▶ [Try it]
Pictures aside, repeat the whole listing word for word.

▶ [Dataset content]
/---
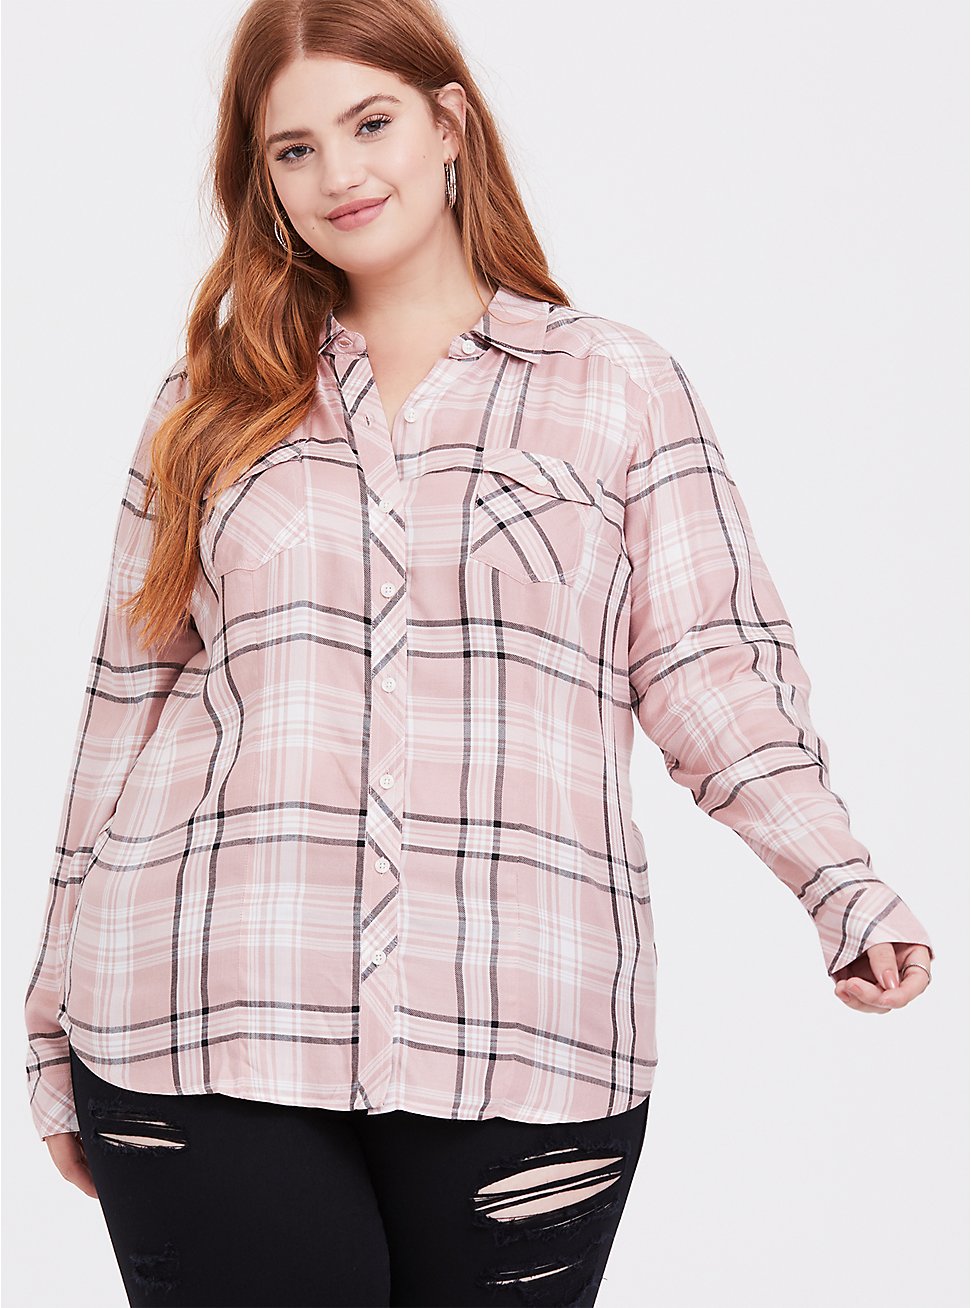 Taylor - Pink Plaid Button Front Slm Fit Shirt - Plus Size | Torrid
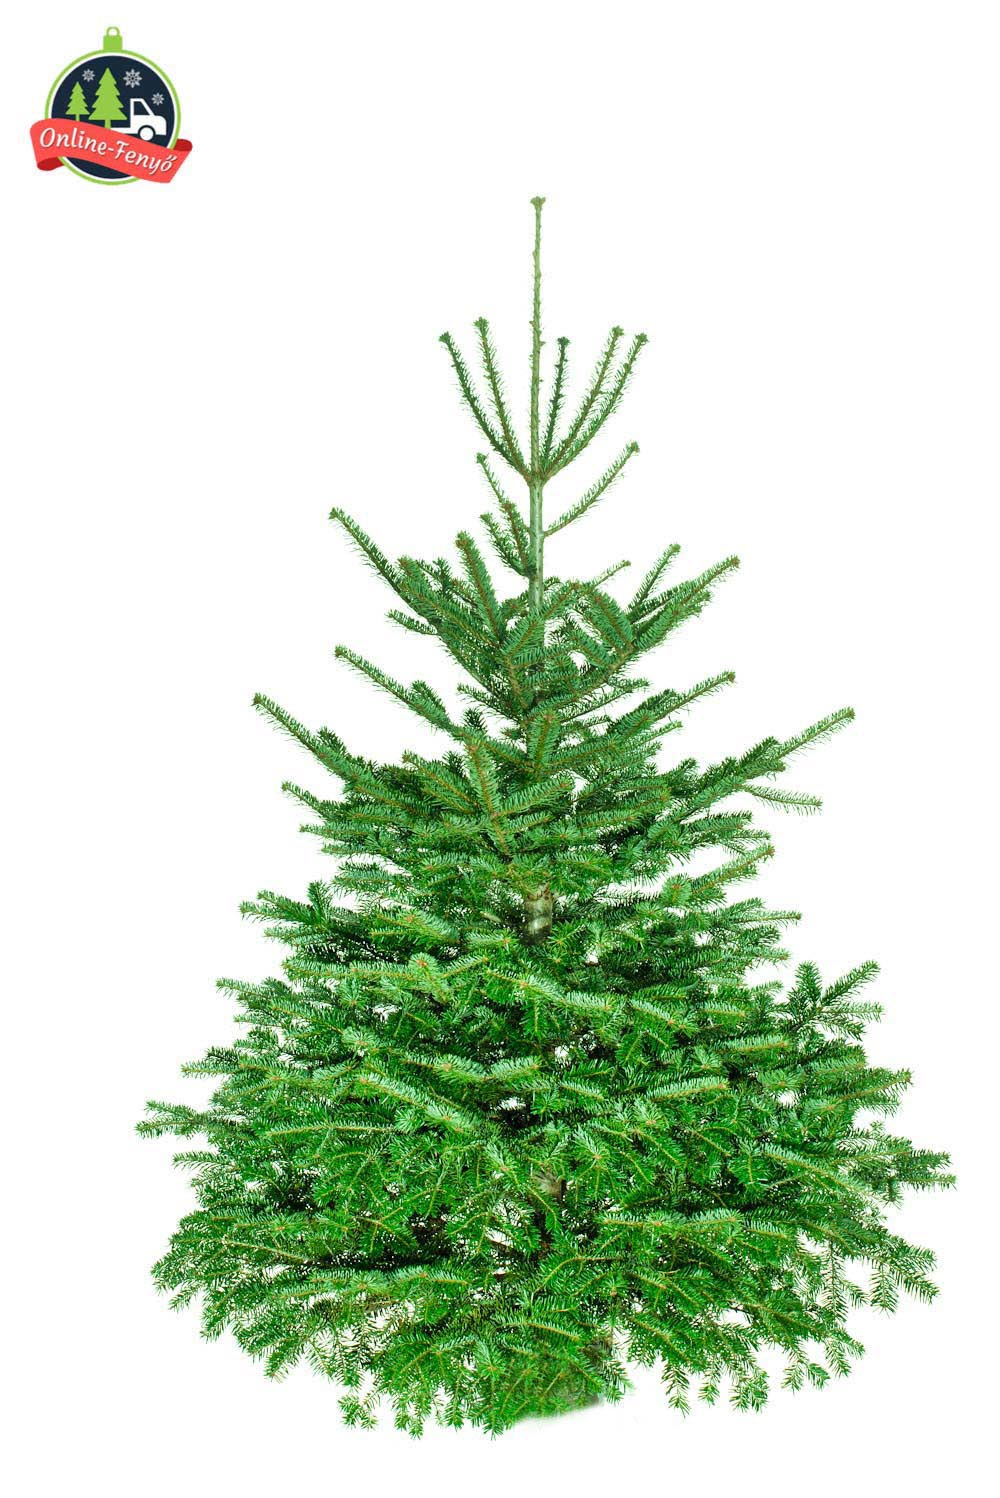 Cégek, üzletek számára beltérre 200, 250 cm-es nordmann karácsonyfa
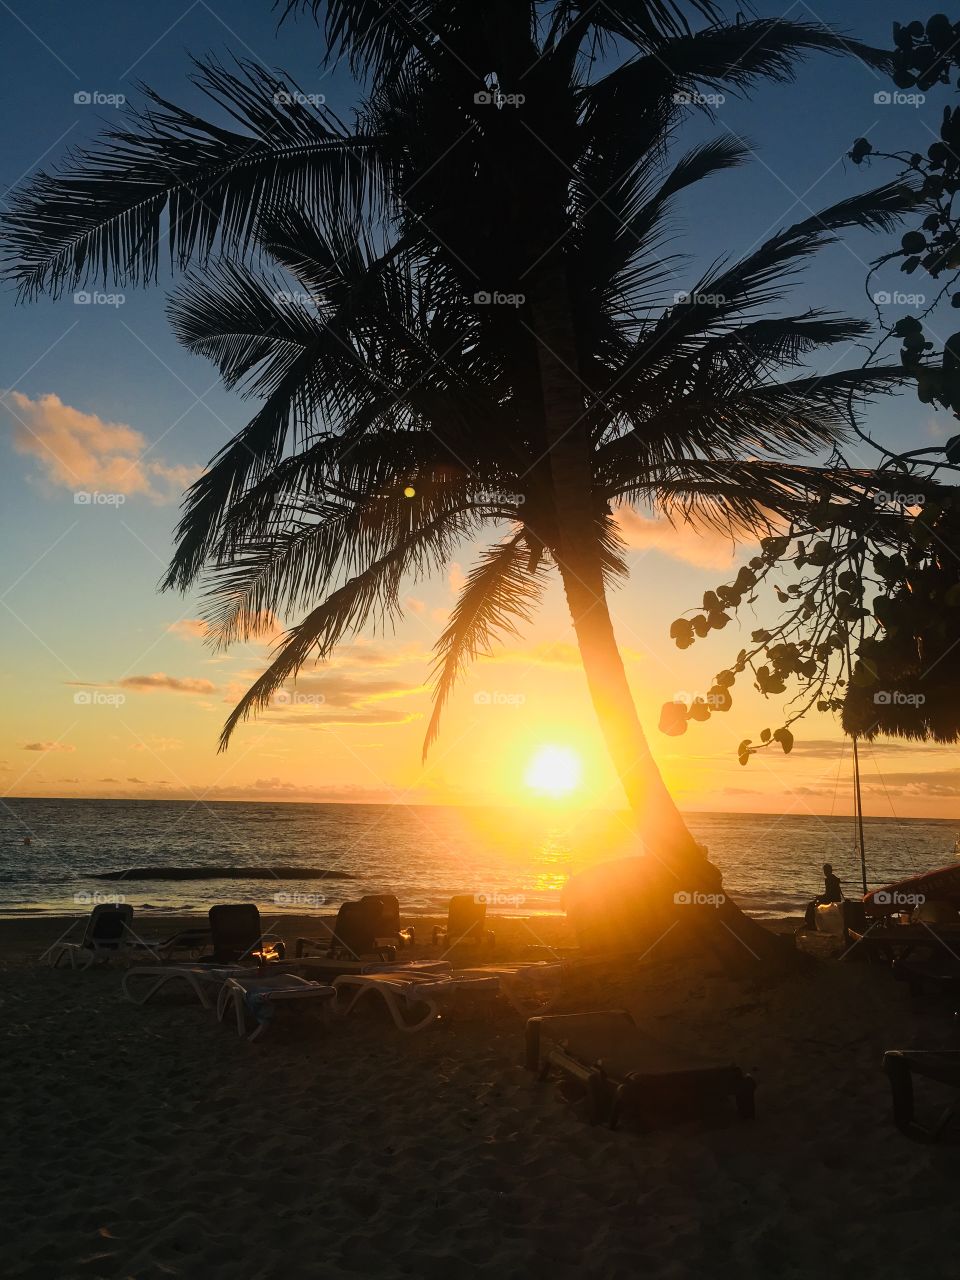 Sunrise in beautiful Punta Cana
\---
▶ [Answer space]
 Taylor - Pink Plaid Button Front Slm Fit Shirt - Plus Size | Torrid
 Cégek, üzletek számára beltérre 200, 250 cm-es nordmann karácsonyfa
 Sunrise in beautiful Punta Cana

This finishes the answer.